When they crossed the border the previous day, Russian FSB officers checked their phones and documents and asked them questions, including their opinion of an invasion that the Kremlin officially calls a “special military operation” or SVO.

“They asked me about my attitude towards the SVO – is it positive, negative or neutral,” he says.

“I wanted to give them a talking-to, to tell them I was born in the Soviet Union when we were one people, and no one could possibly have believed that this could happen. But they told me just to stick to the questions, so I answered ‘neutral’. What else could I say? They might have stopped me leaving if I’d told the truth.”

Alexei (70), who declined to give his surname, has just arrived in Sumy after travelling to the border from Donetsk in eastern Ukraine, a city controlled by Russia and its DNR proxy militia since 2014.

“I’ve seen so many different people in charge of Donetsk – the Soviets, Ukraine, now this DNR and the Russians. I can tell you that Donetsk is ruined. There’s theft and looting and destruction everywhere.

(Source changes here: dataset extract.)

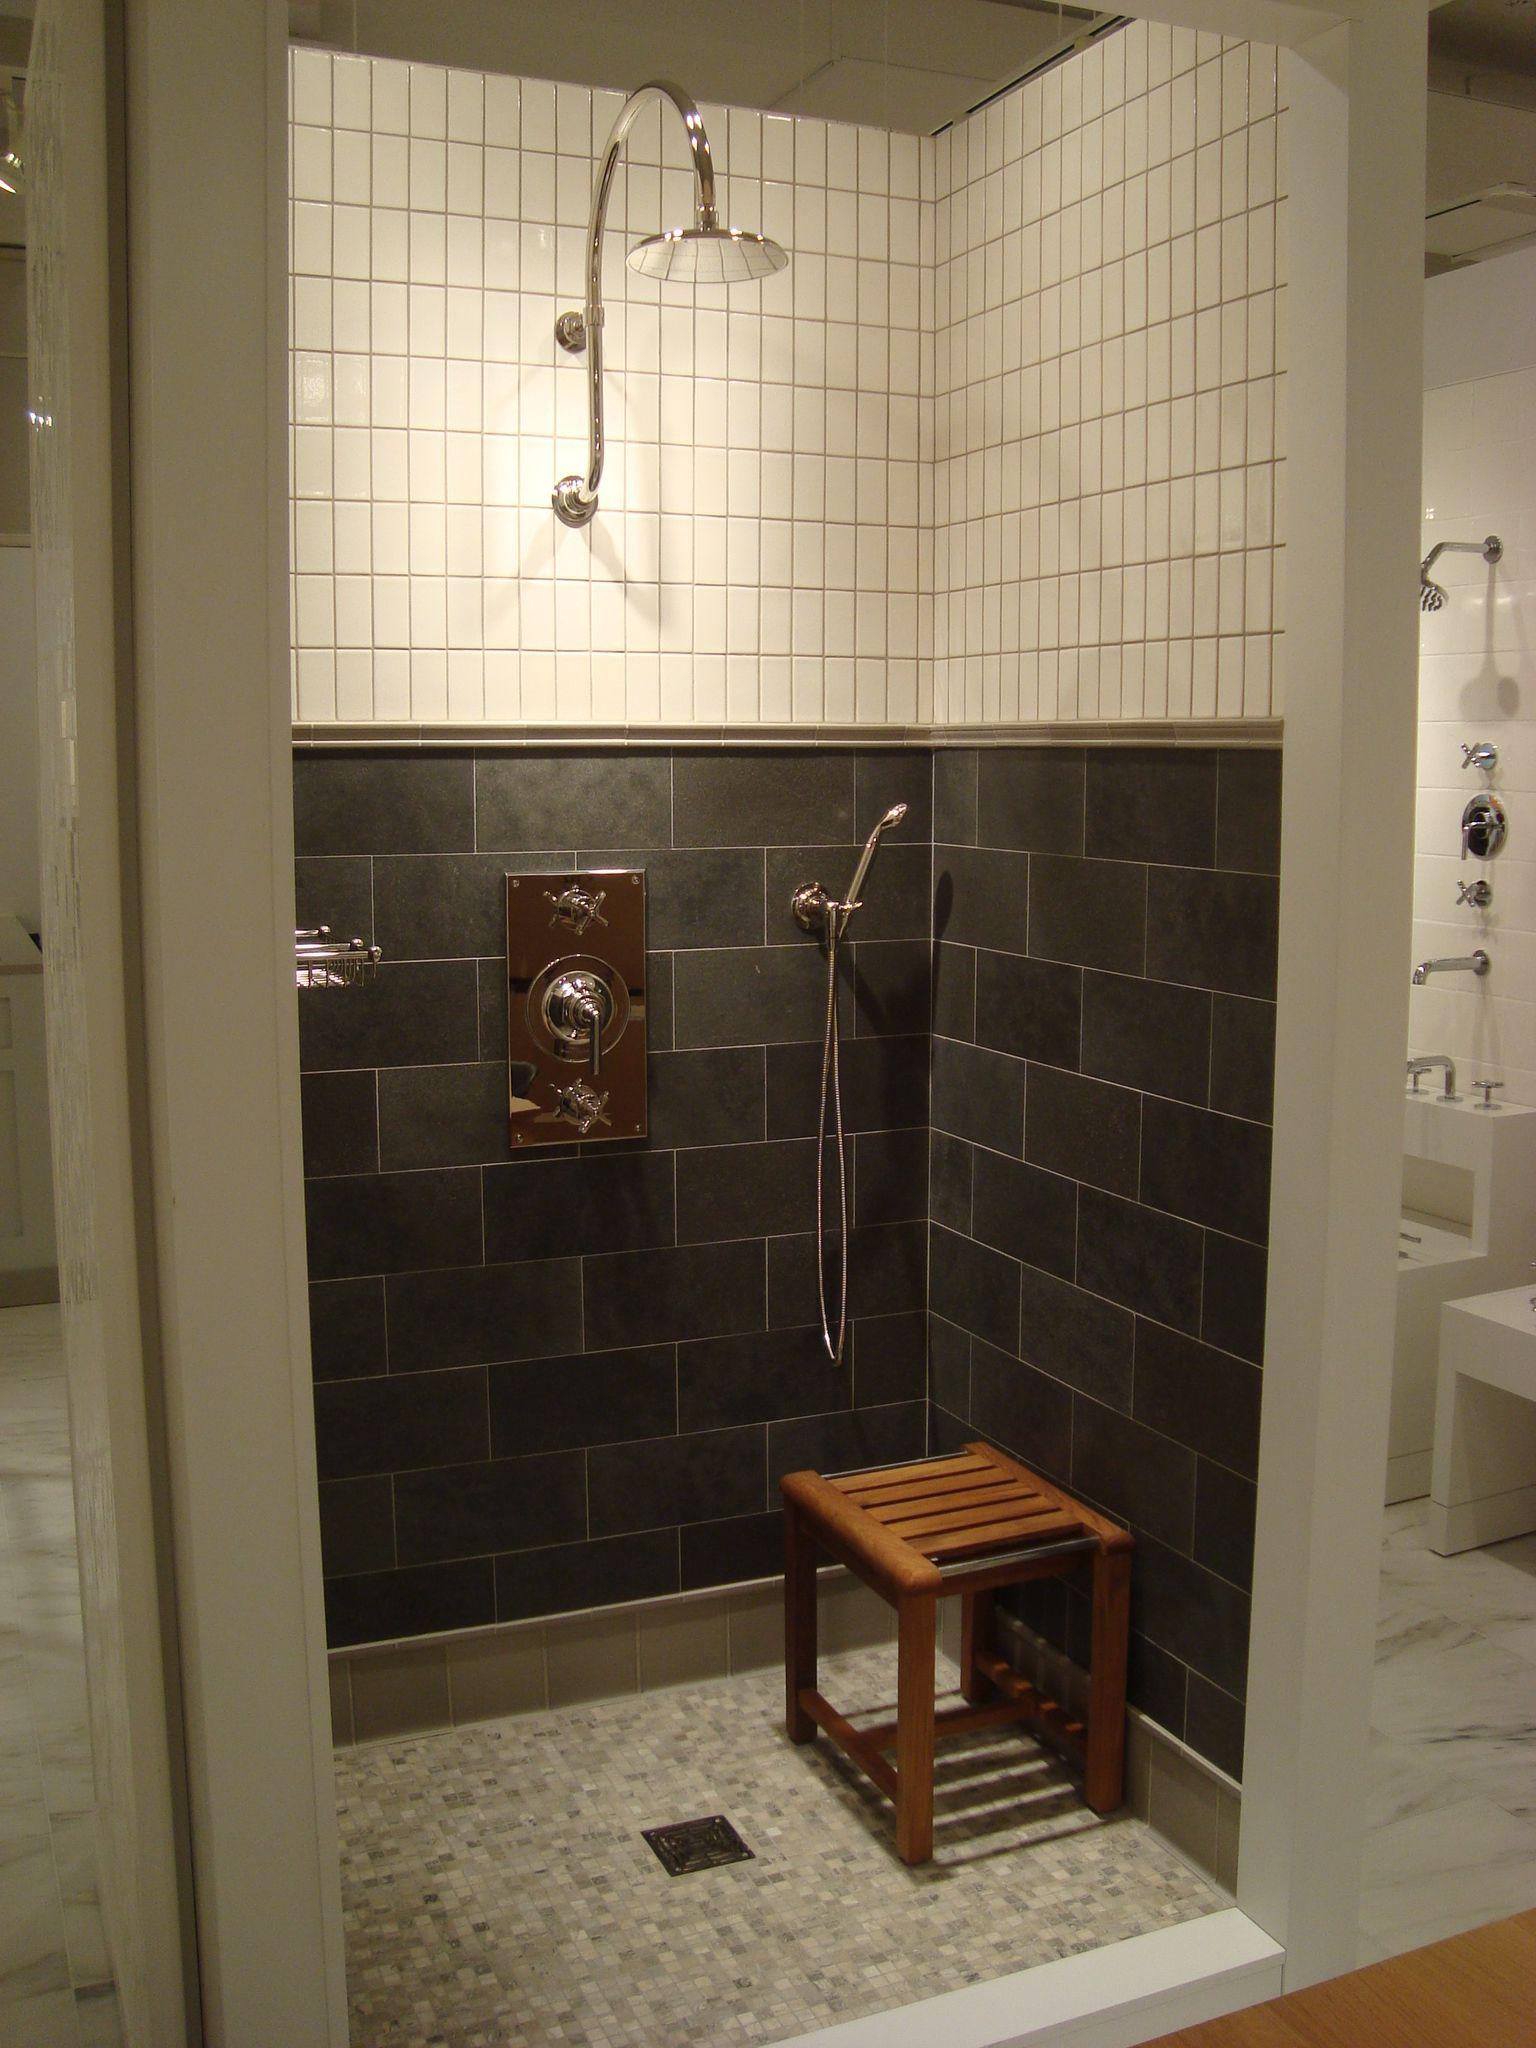 Boston bathroom showroom - Henry Shower Display In The Boston Showroom

They’re killing the city, it’s hopeless now” he says.

“And I’ve had it up to here with the constant Russian propaganda that you hear everywhere there,” says Alexei , who is moving with his wife to Kyiv.

I don’t feel that anywhere in Ukraine is fully safe or stable. And this corridor is like this. No one knows what could happen

—  Kateryna Arisoy

In one year, Pluriton has helped more than 20,000 Ukrainians from occupied territory return home via Sumy region, and Arisoy understands their plight.

She is from Bakhmut, a small city 85km from Donetsk that Russian forces almost obliterated during months of intense shelling before finally occupying last May.

“As more time passes my hope of one day returning to Bakhmut is going. No one lives there now, only Russian military. There is nothing left. You can’t even say they captured Bakhmut, because they captured only ruins.”

She says the border crossing in Sumy is a “last chance” for people fleeing occupied territory. It also serves as a so-called humanitarian corridor for exchanges of prisoners and soldiers’ bodies, but no one knows how long it will stay open – especially as shelling and skirmishes intensify in the area and local villages are evacuated.

“I don’t feel that anywhere in Ukraine is fully safe or stable. And this corridor is like this. No one knows what could happen.”

Shutenko’s future is also unclear. He has no close relatives in Ukraine and – despite his remarkable CV – he is having difficulty finding a teaching job in the middle of the academic year, when funding for everything in the country, including education, is tight.

“My plan for now is to stay in Sumy. It seems like a nice city. Local people say it’s terrible to be so near the Russian border and to hear shelling sometimes, but for me, coming from Mariupol, what’s really bad is when they demolish your home, there are tanks in the courtyard and neighbouring buildings are on fire,” he says.

“It’s like Kateryna says – we’ve been reduced to zero. You had something, then you lost everything and now what? You can’t mourn over what you’ve lost, because that’s not going to help. You just have to start all over again.”